SAO PAULO, (Reuters) – Heineken NV will invest 865 million reais ($183.14 million) to expand its Ponta Grossa brewing plant in Brazil, the company said yesterday, as competition between the world’s two largest beer makers bubbles up.
The Dutch brewer will make the investment this year and next and focus on it Heineken and Amstel brands at the third-largest brewing facility in Parana state in Brazil, its most important market worldwide.
The company did not give details of the expansion plan, stating only that production would rise by 75%.
“We are bringing forward by one year all the investments of our strategic plan. Brazil is a key market for us,” Heineken Brazil Chief Executive Officer Mauricio Giamellaro told Reuters.
“Basically, we are building a new brewery,” he said in an interview.
Despite the slow recovery of the Brazilian economy, the world’s second-largest brewer after Anheuser-Busch InBev is not waiting to expand its beer production in a market that is more important for sales than the United States or Europe.

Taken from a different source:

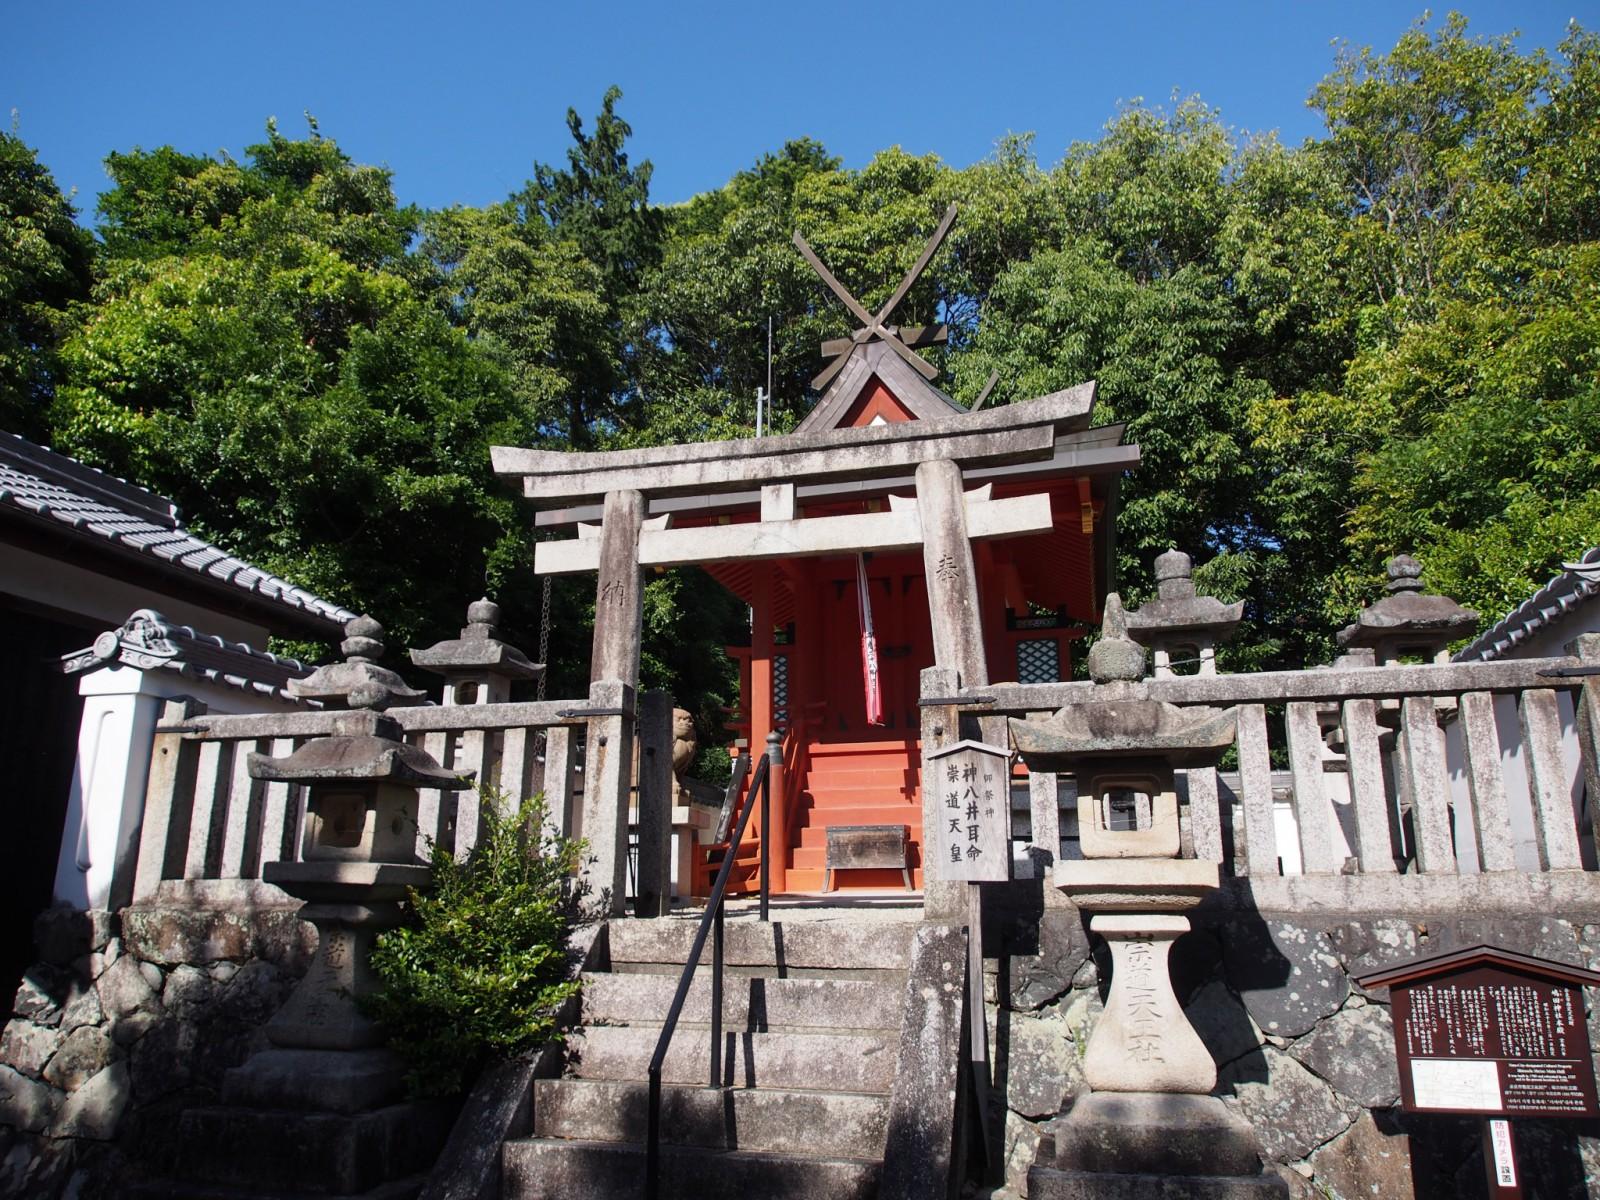 嶋田神社本殿周辺
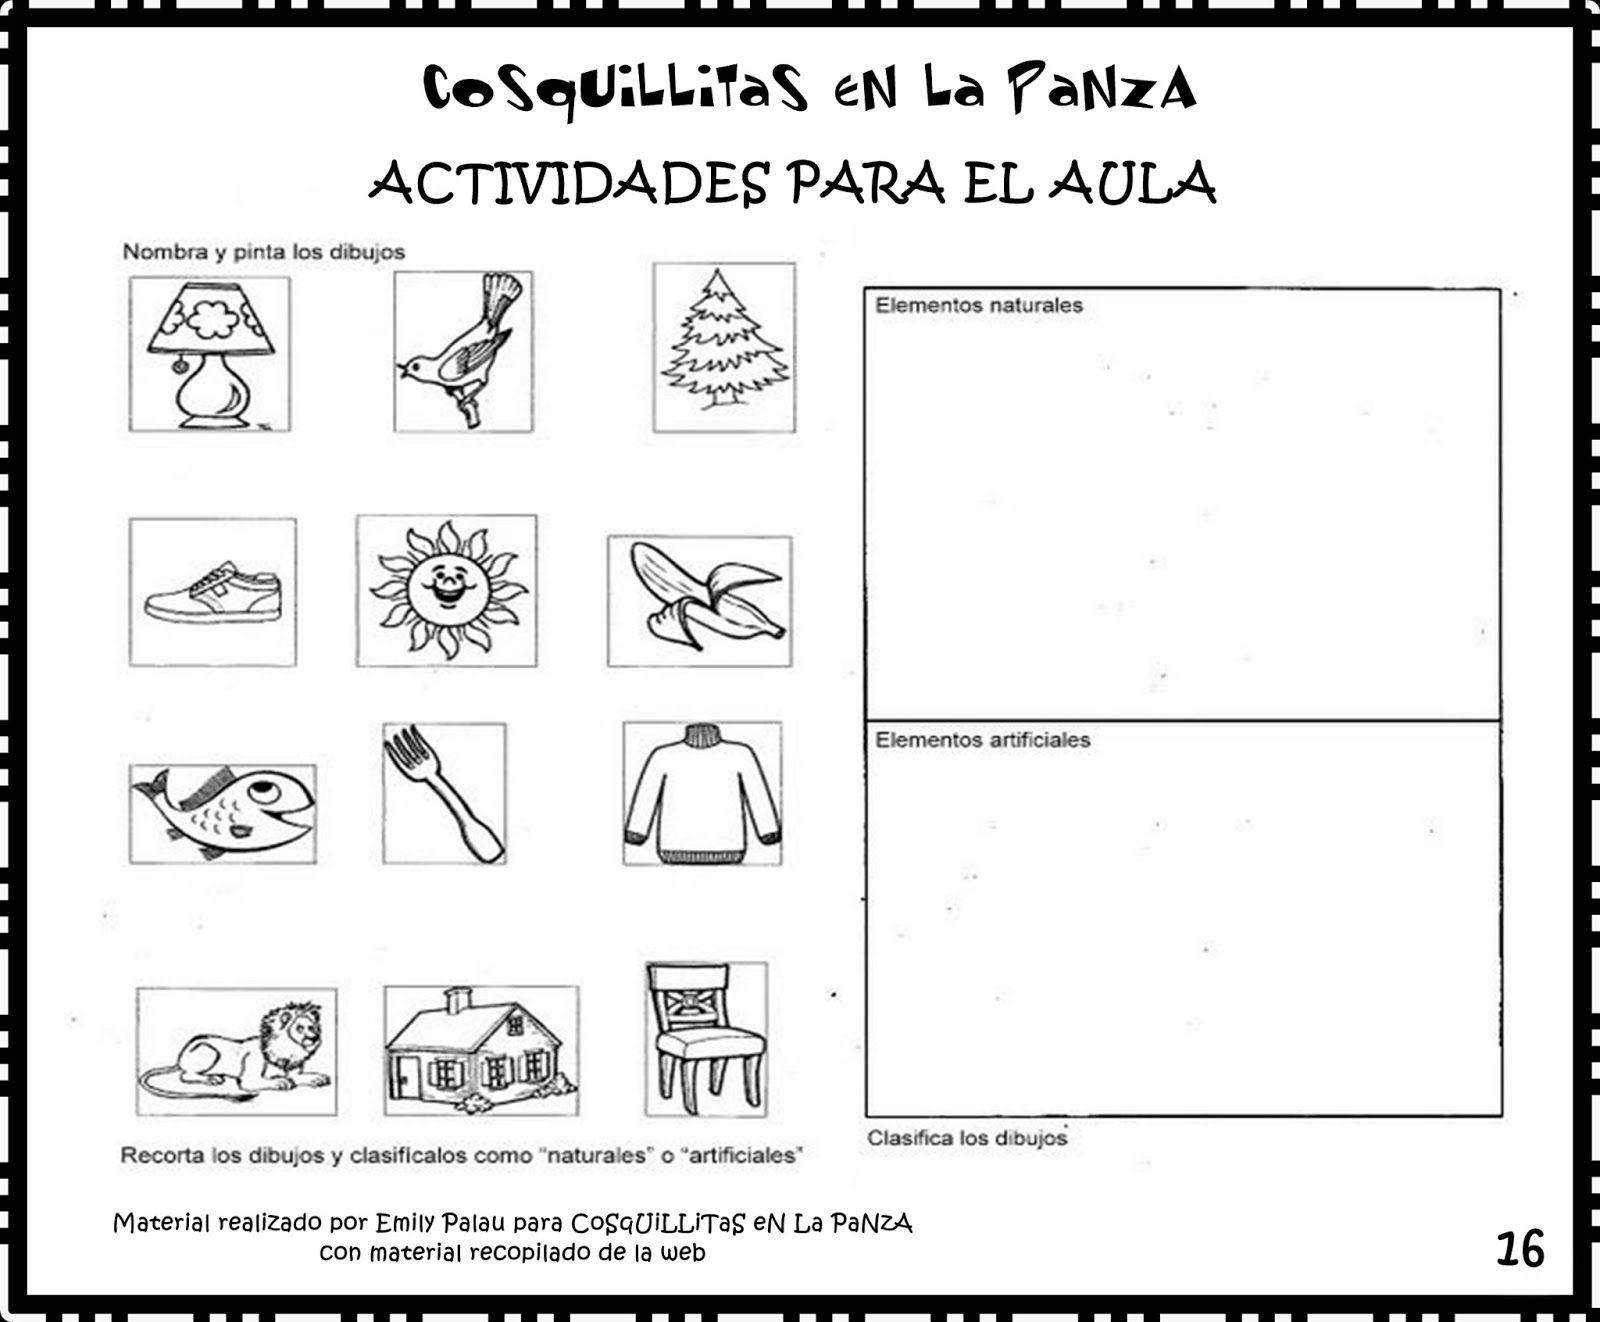 Objetos Naturales Y Artificiales Para Colorear Buscar Con Goo Materiales Y Sus Propiedades Letras De Canciones Infantiles Materiales Naturales Y Artificiales

Heineken has reduced the lead in Brazil of top beer seller Ambev, the Brazilian unit of Anheuser-Busch InBev, after buying the operation of Japan’s Kirin for $1.2 billion in 2017, which doubled its Brazilian output. Heineken says it now has 22% of the market.
The expansion announcement came just on day after Ambev announced it will invest 2 billion reais to open a new brewery in northern Brazil, a malting factory in the southeast region, along with a can producing unit and additional premium beer production lines.